Hi I became godmother to a young boy who was abandoned at the charity i was working for, I was expected to attend two classes of about an hour eachwith the priest. I am not expected to give expensive gifts but do give presents for his birthday and christmas. He also attends a special needs school and i help to buy some of the items with his god father on the list that he needs to enrol each september.

Other than the expectations put on godparents in any country i dont see any real difference, obviously religion here is often considered more important however due to my god sons conitive problems i do not really have to stress this importance to him, i took him to mass once a week and just generally help love and care for him. It was a great honour to be asked so just be proud that you were chosen and enjoy it the ceremony is not really any different unfortunately because of the home he came from and the view of 'crazy' people ie.people with disabilities in our area we were not allowed to have him baptised in the ceremony with the other children because of the suposed scene it would have caused but had it seperately either way it was a lovely day.

Enjoy and congratulations

Jersey Devil

Jul 5, 2002
Thank You

I appreciate your responses. I was told that in the past more was required of a godparent en la Republica Dominicana. Closer to what you said Jane but that the tradition is not taken as seriously as it once was.

God bless you,


boca chica dave

New member
Sep 25, 2004
No big Deal

I have been a Padrino for a year and a half. No classes, nothing. It seems to be the same as the U.S. Merely a formality for catholic people. The christening was done at my friend's home. I have only purchased the 1st year birthday cake.


New member
Sep 22, 2003
I was asked to present my "certificado de bautismo"... Meaning that I had to be baptized catholic to be a godmother in the catholic church...


Jan 1, 2002
There are some classess and the need of presenting proof of being Catholic in the first place.

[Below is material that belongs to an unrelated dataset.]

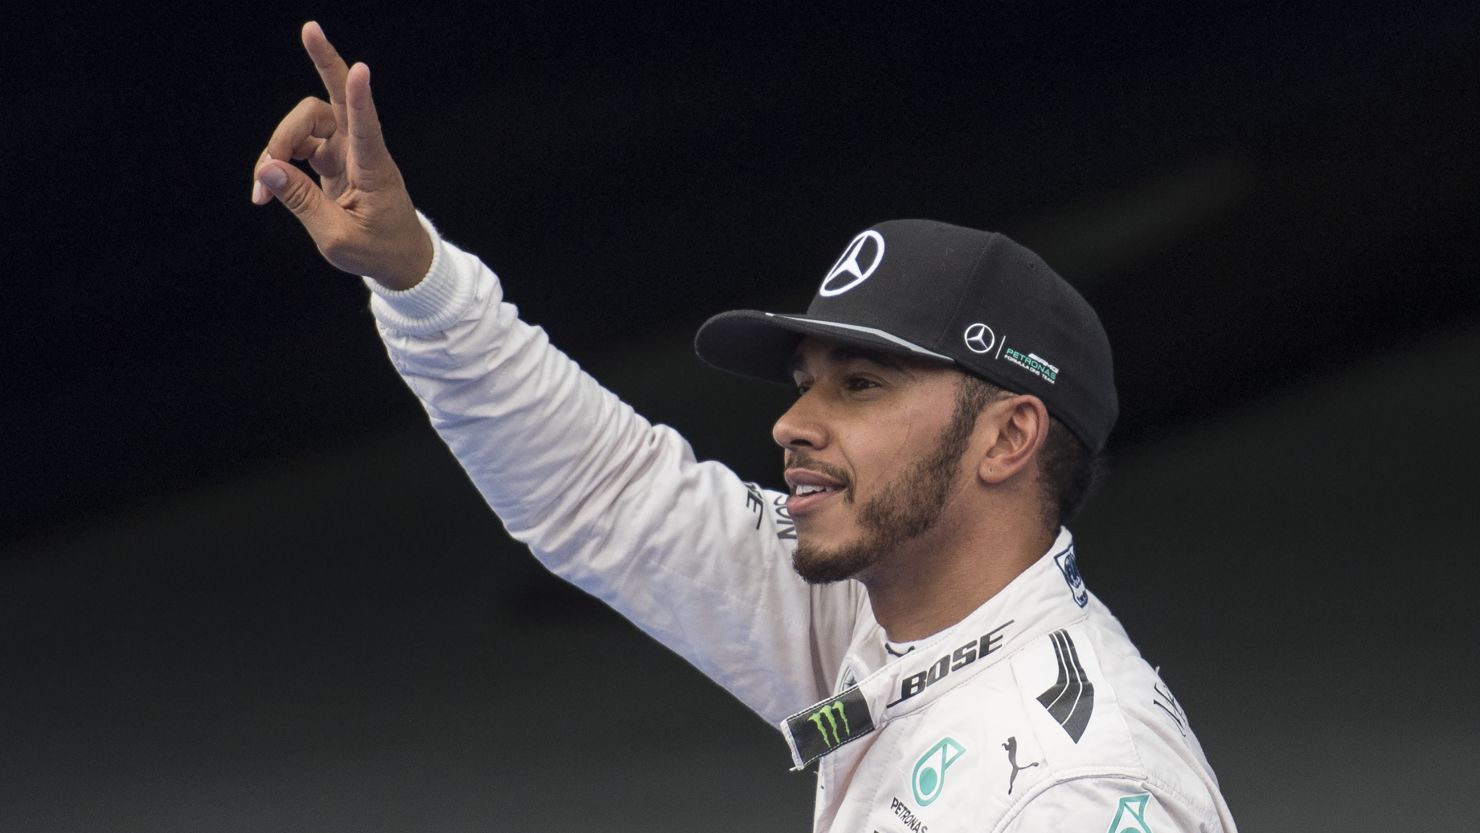 Lewis Hamilton gestures after taking pole position at the Malaysian Grand Prix.

In the old days the bond between parents and godparents was considered more sacred than that between siblings. A child had to treat godparents with as much respect - if not more - than he did his own parents. Also godparents were supposed to take the child under their wing should the parents die.

The tradition was to choose either someone that was very close to the parents, someone highly respected in their community, or someone rich (and probably respected too). That would give the child a headstart later in life should they need recommendations, or even a job (that's how Trujillo ended up being the godfather of countless kids here).

Obviously things have changed. Right now it's a bit more than a formality and gifts, no necessarily luxurious, are expected at Christmas.